▶ _EXERCISE PROMPT_
When copying the listing below, skip every picture and keep each word as it stands.

▶ _DATASET EXTRACT_
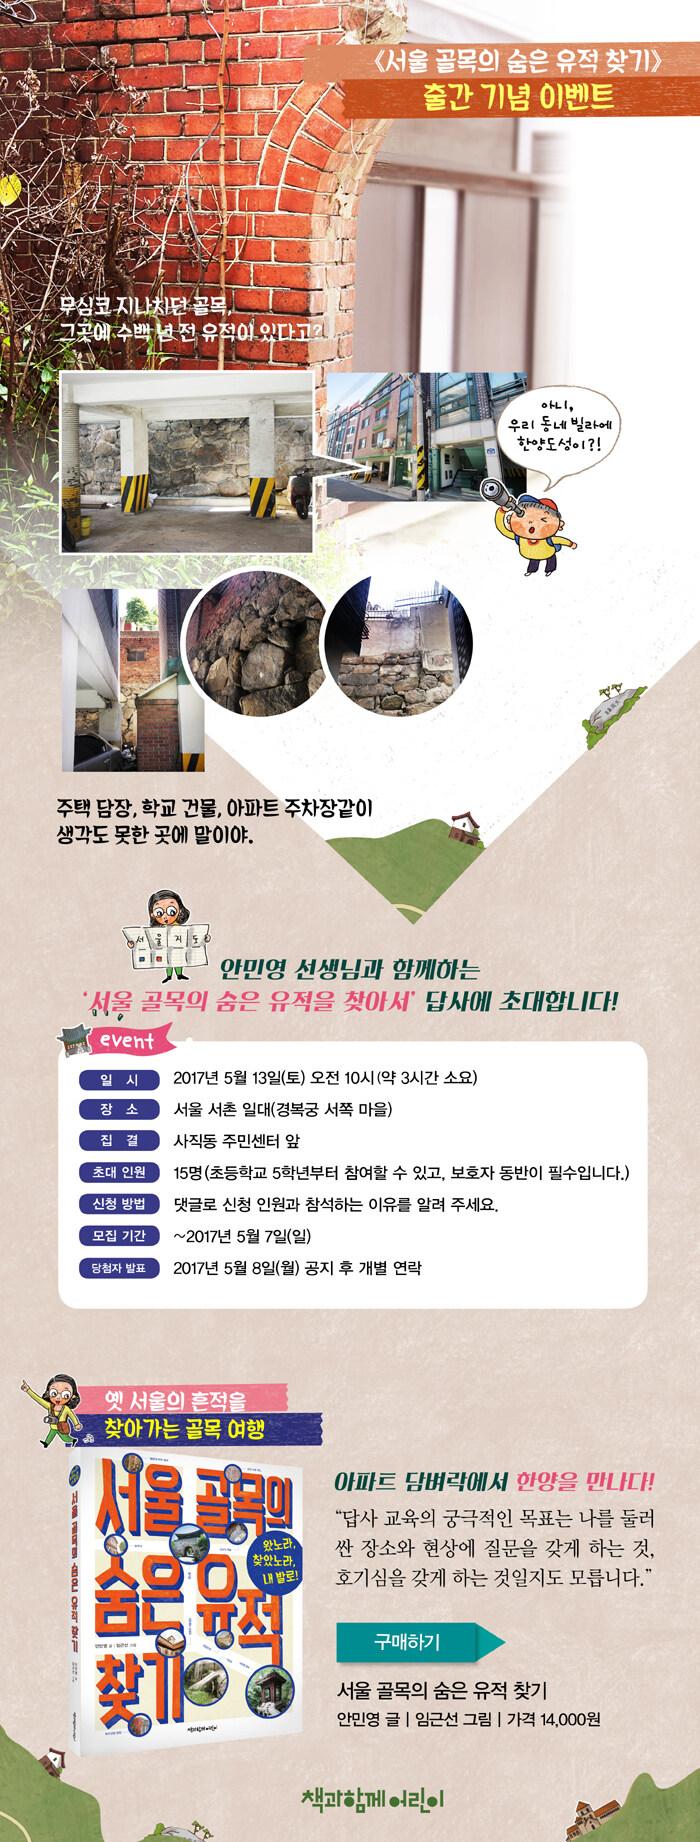 <서울 골목의 숨은 유적 찾기> 출간 기념 저자와 함께하는 답사
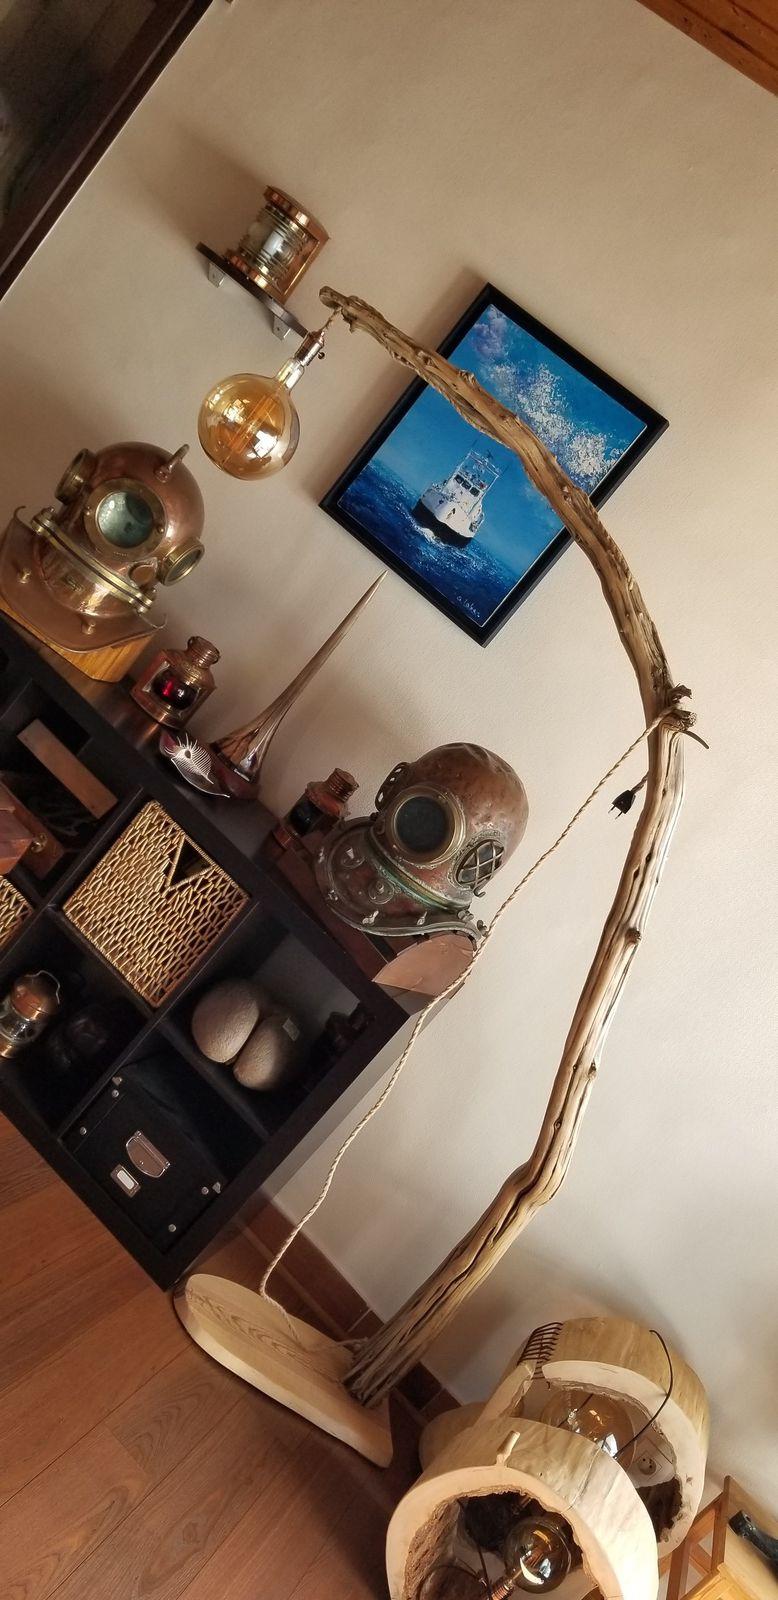 Lampadaire très grand, bois flotté arqué naturellement
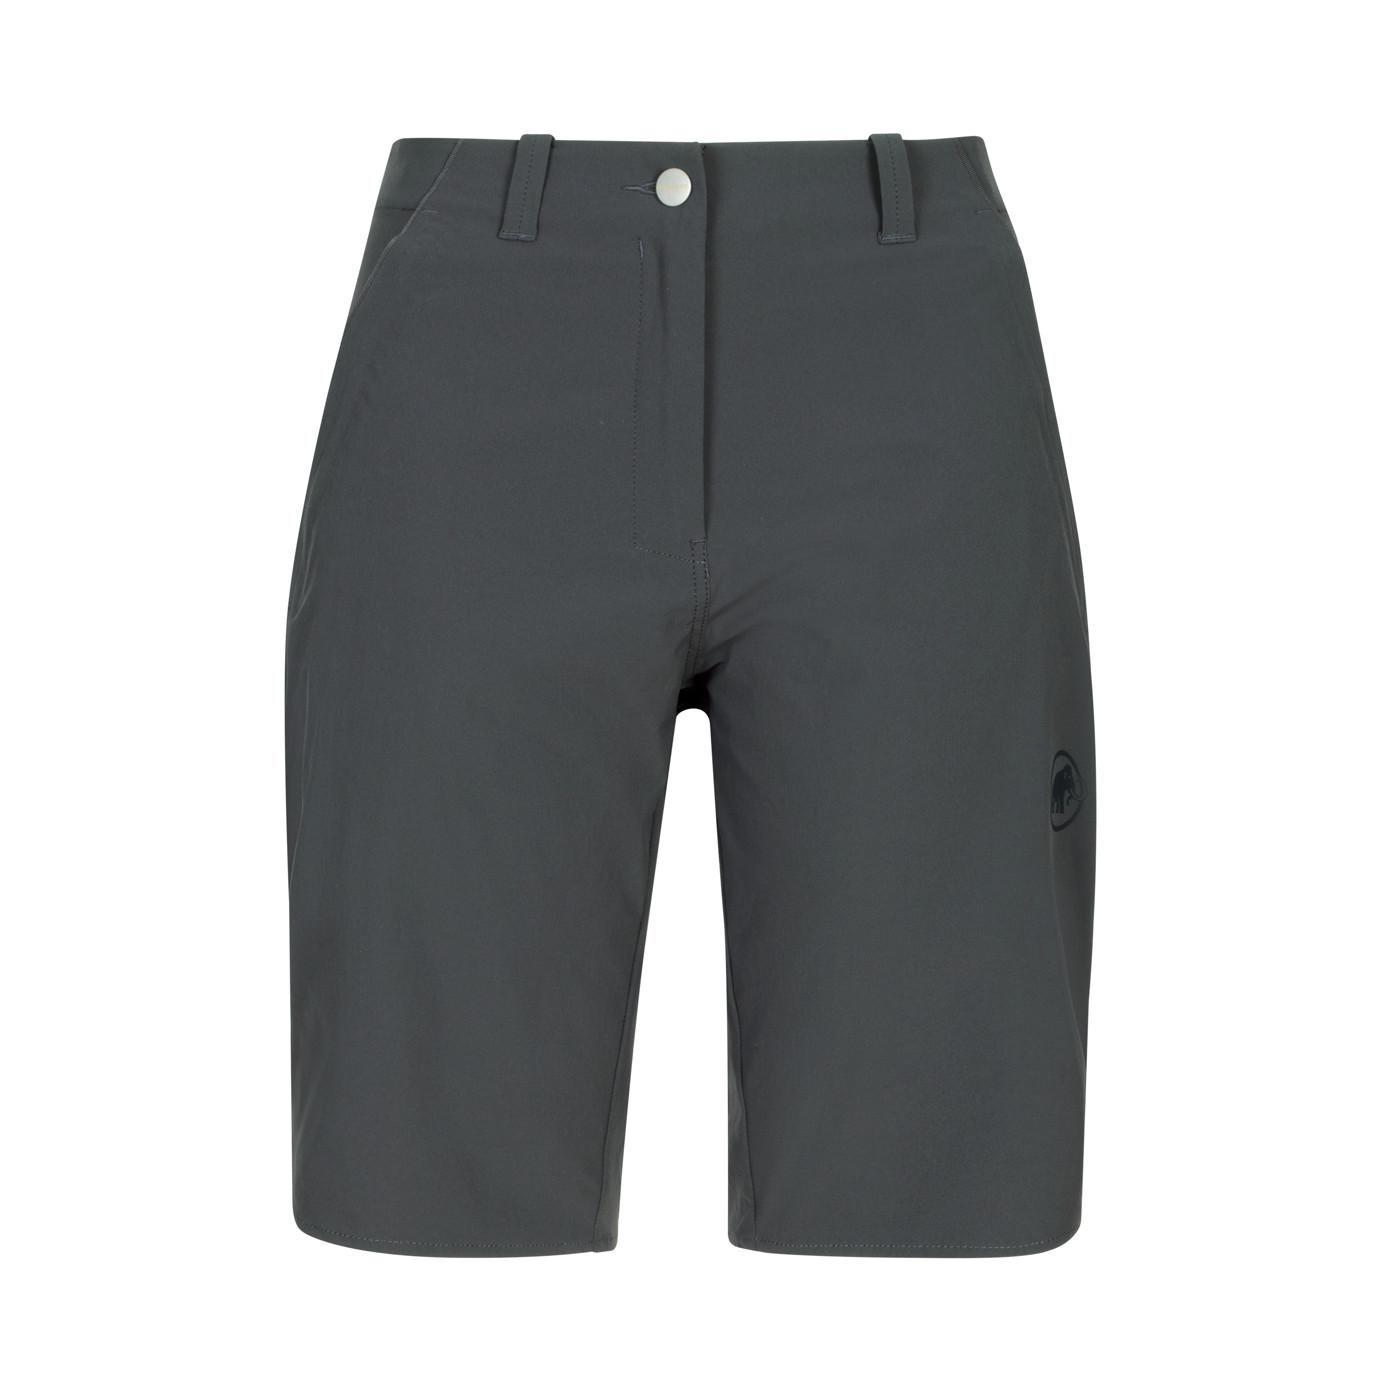 MAMMUT Runbold Shorts - Damen

▶ _EXERCISE RESULT_
 <서울 골목의 숨은 유적 찾기> 출간 기념 저자와 함께하는 답사
 Lampadaire très grand, bois flotté arqué naturellement
 MAMMUT Runbold Shorts - Damen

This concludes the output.